# What happened to the F@H postwhores?



## BUCK NASTY (May 19, 2009)

Wow, they just up and left. I just want to congratulate the WCG team on a great start. You have a great ensemble of personalities that keeps members glued to these threads. I'm spending more time here than in the F@H sub-forum. Keep up the great work!!!


----------



## Duxx (May 20, 2009)

BUCK NASTY said:


> Wow, they just up and left. I just want to congratulate the WCG team on a great start. You have a great ensemble of personalities that keeps members glued to these threads. I'm spending more time here than in the F@H sub-forum. Keep up the great work!!!



It's because this is new.. only a month in and excitement is still all around!  Thanks for throwing your rigs to some crunching though!  I'll be asking how to fold when my mobo comes in.


----------



## 123bob (May 20, 2009)

So, you want more posts at the F@H side?  I think I can ask a whole bunch more noob questions there.  I'd be more than happy to oblige.....

Crunching I'm good at, F@H is new to me.  Just be careful what you ask for since I'm up on your tailpipe on the daily stats.  Yes, you have lots more points than I do, but that's nothing another 20 cards can't fix....

Kudos Buck!.   I think this trade between F@H and WCG has done all of us well.

I ride a sig at my main place that basically says, if you don't crunch, or now fold, you ain't Shizz.  I'll start that here soon....

Regards,
bob


----------



## bogmali (May 20, 2009)

123bob said:


> Just be careful what you ask for since I'm up on your tailpipe on the daily stats.  Yes, you have lots more points than I do, but that's nothing another 20 cards can't fix....

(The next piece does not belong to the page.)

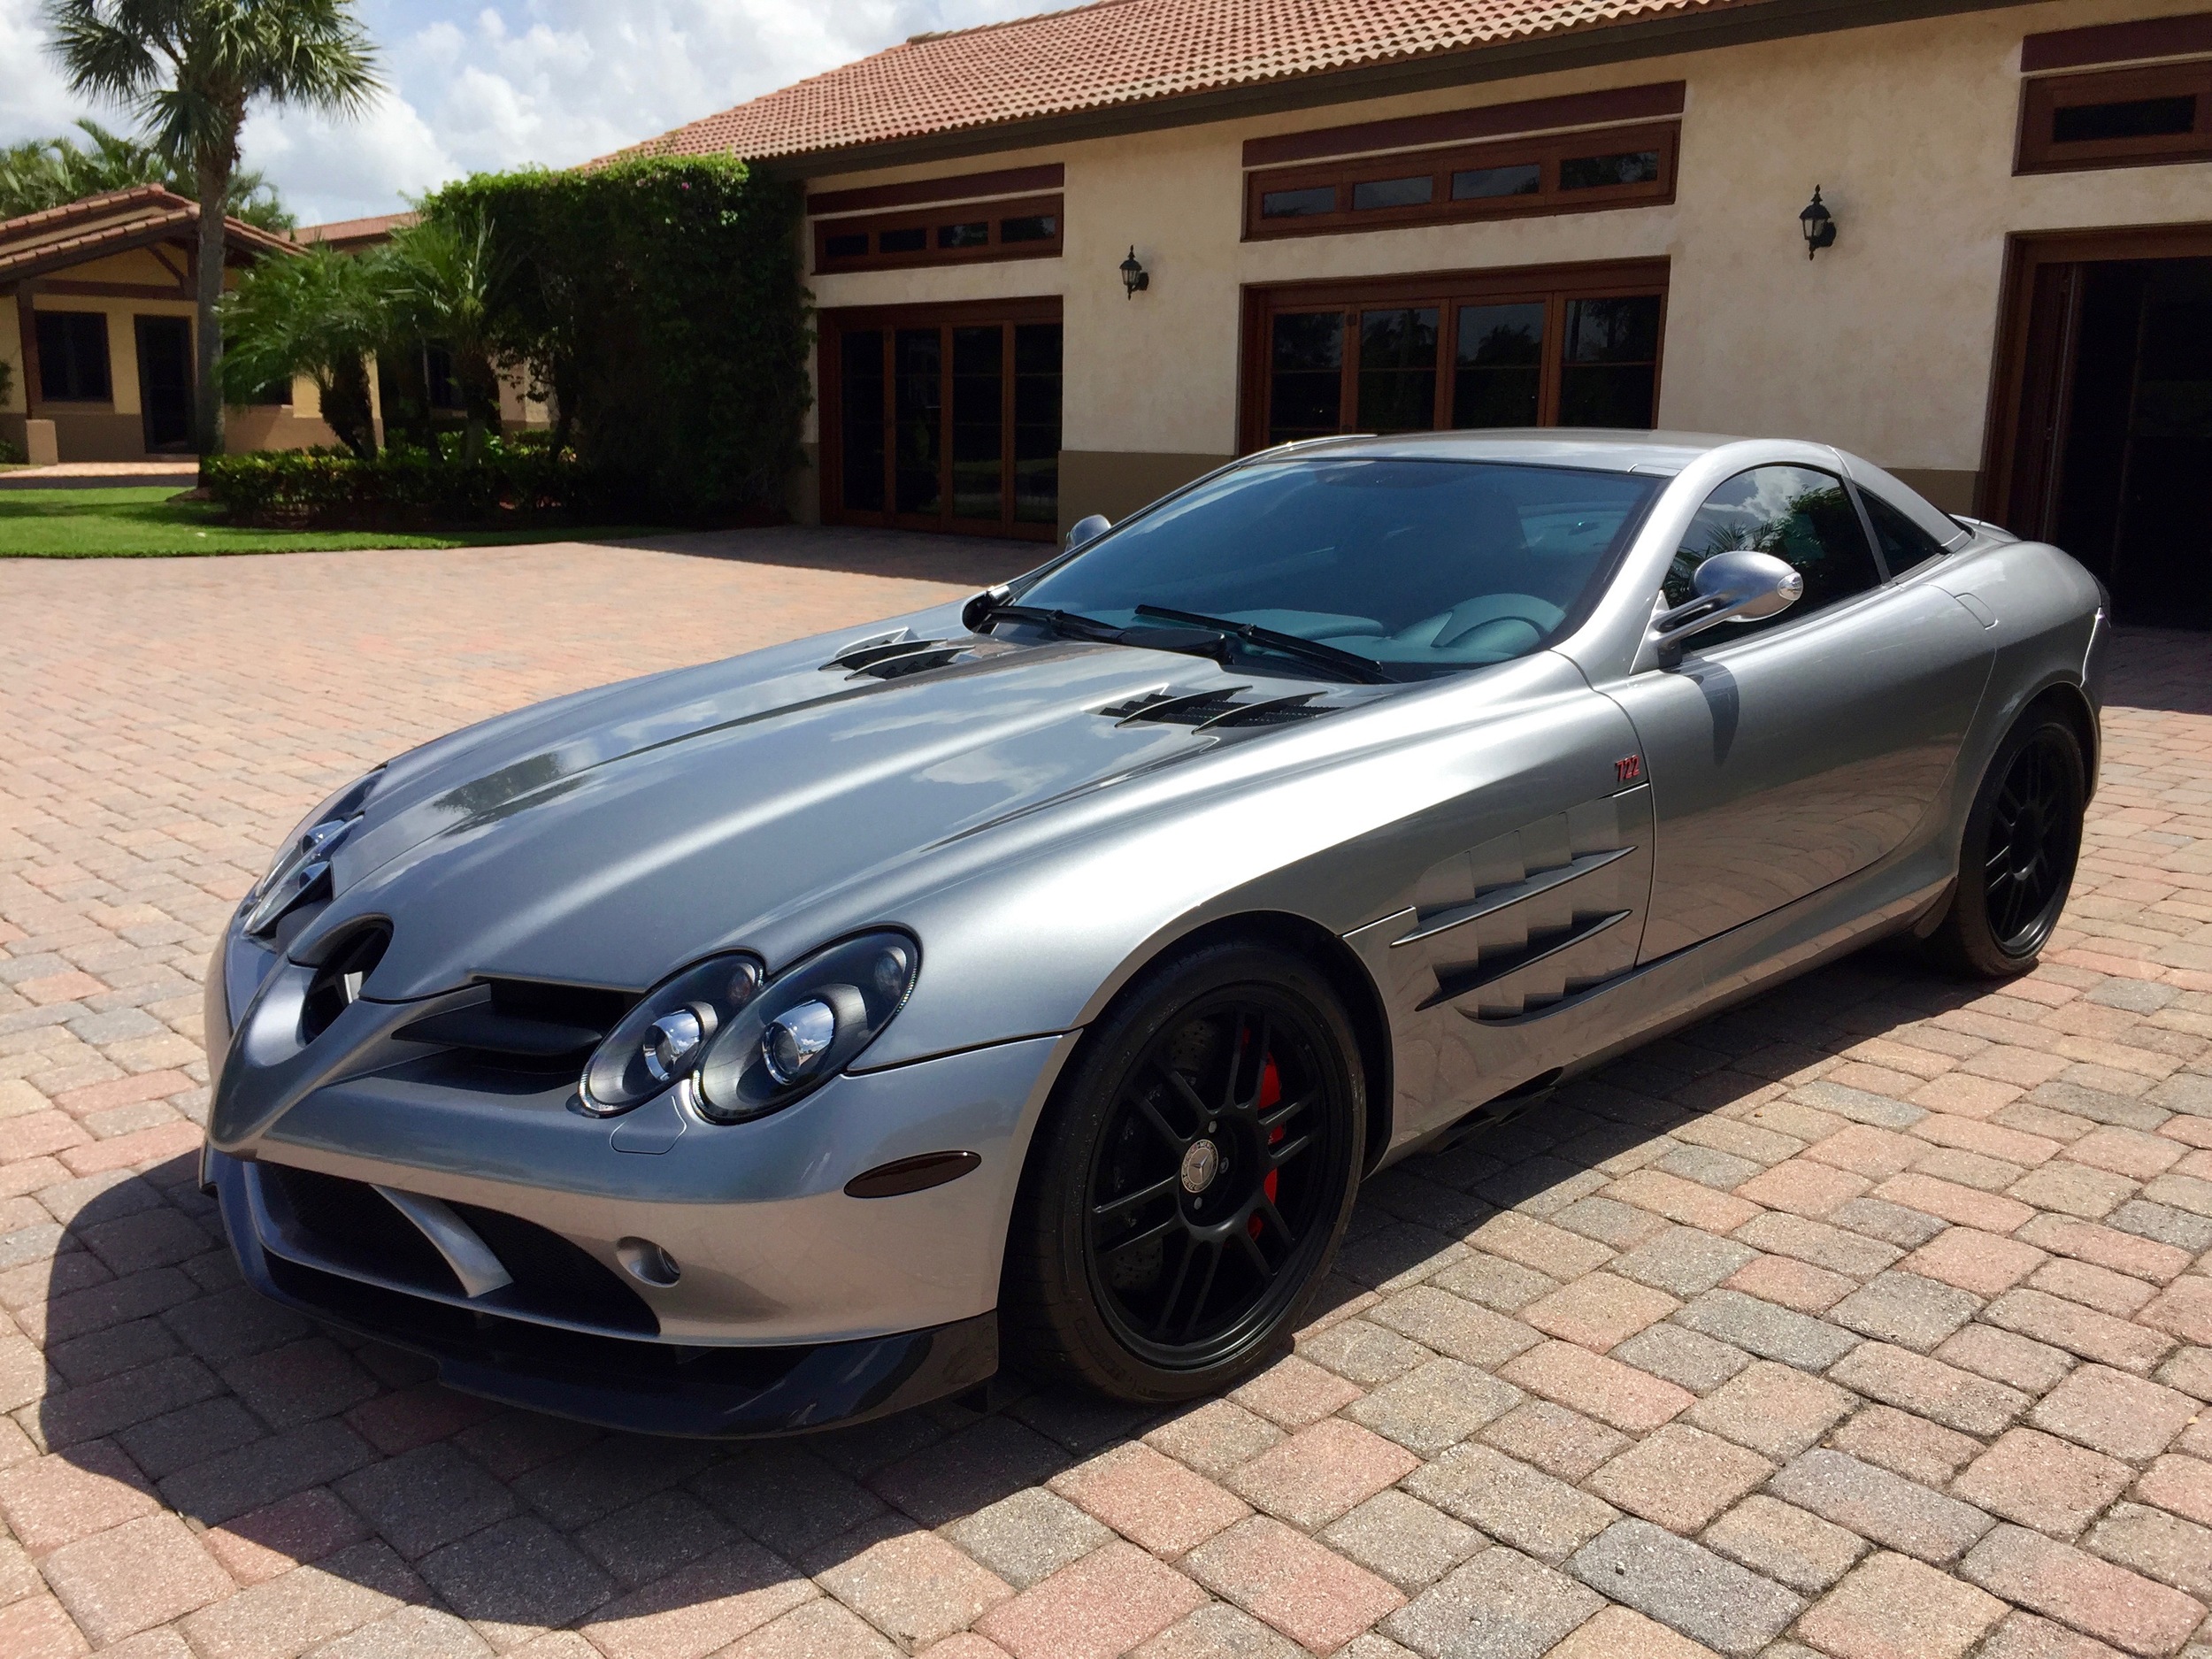 2007 Mercedes Benz Slr 722coupe For Sale The Car Experience

Hey Bob we also have this thread where you can talk "dirty" to Buck anytime you want


----------



## PaulieG (May 20, 2009)

BUCK NASTY said:


> Wow, they just up and left. I just want to congratulate the WCG team on a great start. You have a great ensemble of personalities that keeps members glued to these threads. I'm spending more time here than in the F@H sub-forum. Keep up the great work!!!



We'll all have to take some time to visit F@H from time to time. It is hard to leave WCG. As you said, there is some great synergy here. Starting this weekend, after I have my second i7 rig complete, I'll get back to folding and visiting over there too.

Here is to the great teamwork b/t WCG and F@H. It's been mutually beneficial, just like we hoped.


----------